Jean Mitry advierte del sinsentido de considerar el cine separadamente como arte o como negocio. Para él es una mezcla de ambos, una suerte de relación simbiótica en la que los dos elementos se necesitan el uno al otro para sobrevivir: “El cine no se ha convertido en un arte sino gracias a – y en la medida de – su industrialización. Olvidar esto es perder de vista las realidades más evidentes. Pero tampoco hay que olvidar que no podría ser una industria si no fuese un arte”. Mitry escribió esto a principios de los años 60, cuando las vanguardias empezaron a despegar. Es probable que hubiera matizado su aseveración de haberla escrito años después, o tras la irrupción del cine digital, aquél que iba a democratizar la creación cinematográfica. Este formato ha expandido la frontera del consumo de imágenes desde la sala de cine y el aparato de televisión. Todo el mundo puede crear una película, y esto implica que hacer cine así es más barato - aunque no es gratis, pero la producción de casi ningún arte lo es -, y aunque la mayoría de los directores y productoras que pasaron del analógico al digital lo hicieron por cuestiones económicas, hubo aquellos que juzgaron el digital como un formato inexplorado y se interesaron por él desde un punto de vista más experimental. 

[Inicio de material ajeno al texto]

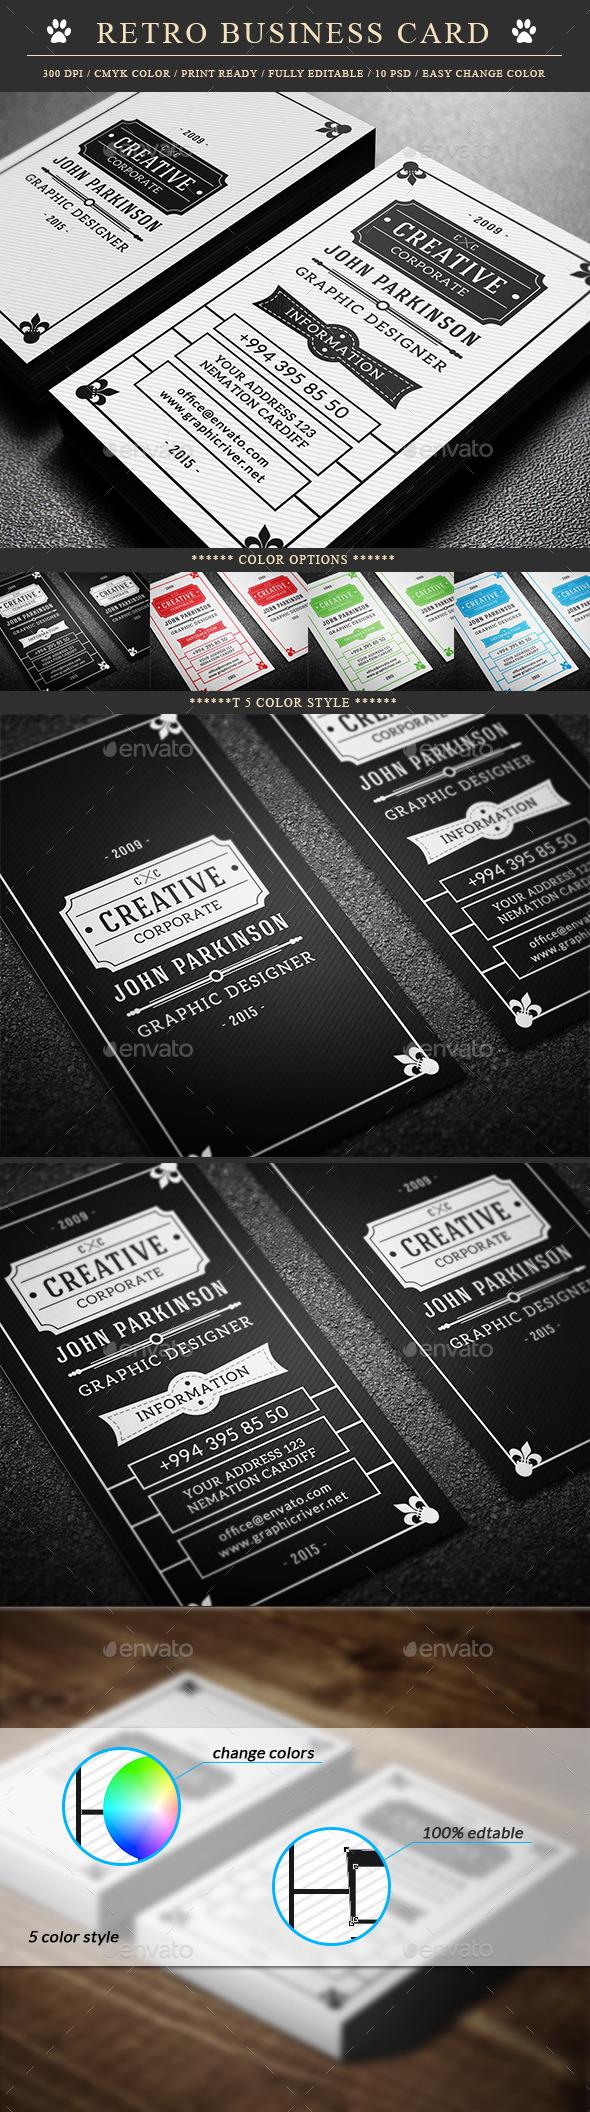 GraphicRiver Retro Business Card 9709894

Hace muy poco revisé Inland Empire. David Lynch la filmó con una cámara baratísima - se pueden encontrar modelos a la venta por 300 euros -, prácticamente sin guión, grabando cuando podía. Exceptuando sus cortometrajes, esta es su película más guerrillera. Sorda a cualquier tendencia estética de su tiempo, sus imágenes desprenden una suerte de aura digital: los píxeles sustituyen al grano fotoquímico; su exagerada profundidad de campo, tan brutal como la del ojo humano, parece sin embargo totalmente artificial; el ruido en las imágenes de baja iluminación emborrona los espacios. Todo se organiza en una estética completamente ajena a la del cine convencional. Las imágenes que algunas de las cámaras de vídeo y digitales de principios de siglo producen contienen esa aura. No hay más que ver el otro gran hito del cine narrativo digital, Miami Vice, para darse cuenta de que allí nació y murió una estética, igual que lo hizo en Inland Empire. 

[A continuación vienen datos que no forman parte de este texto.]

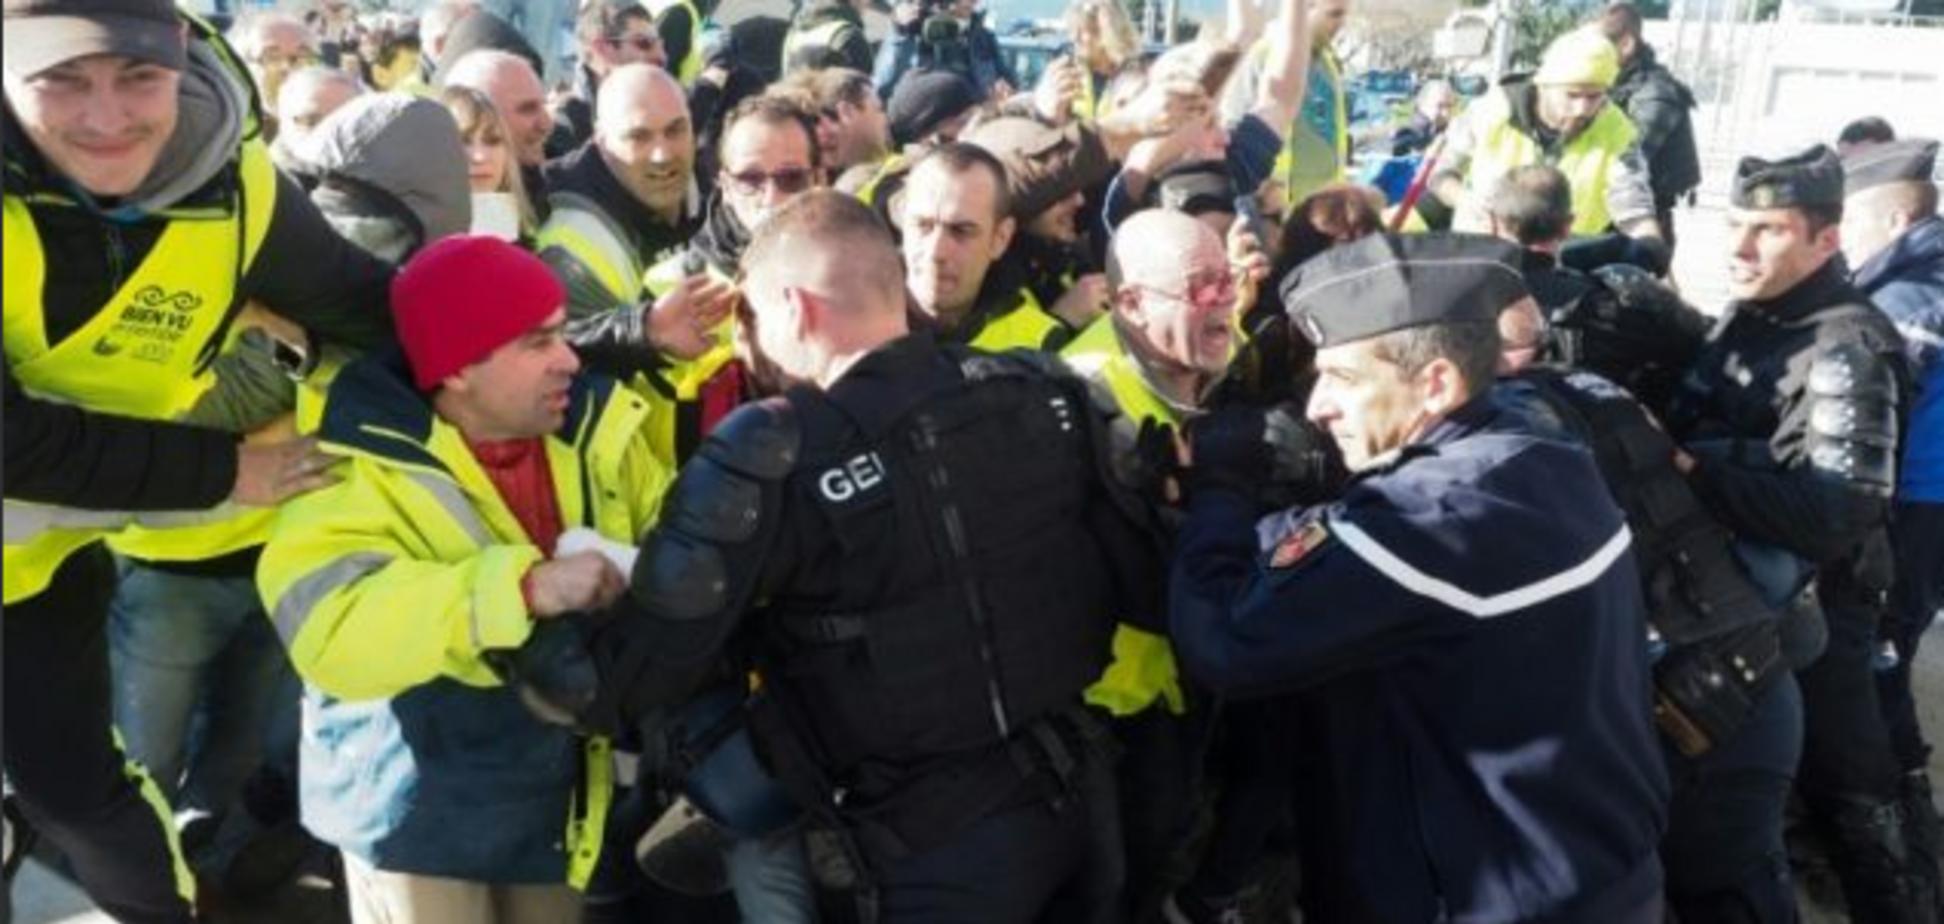 Во Франции вспыхнули новые протесты: опубликованы фото и видео

Lynch hizo de la necesidad virtud, y encontró en esta estética un espacio de experimentación pero también la posibilidad de desarrollar una producción industrial al margen de la industria - poniendo un poco en entredicho aquello que dijo Mitry. No es cuestión de ser cínico y claudicar ante la imposibilidad de escapar del sistema de producción neoliberal, justificándolo como inevitable, sino hacer de la necesidad virtud y encontrar en los recovecos del sistema nuevas formas de expresión. Estoy seguro de que Lynch podrá seguir creando y experimentando hasta el día de su muerte. Si Dino de Laurentiis no acabó con él, no lo va a hacer un enfisema.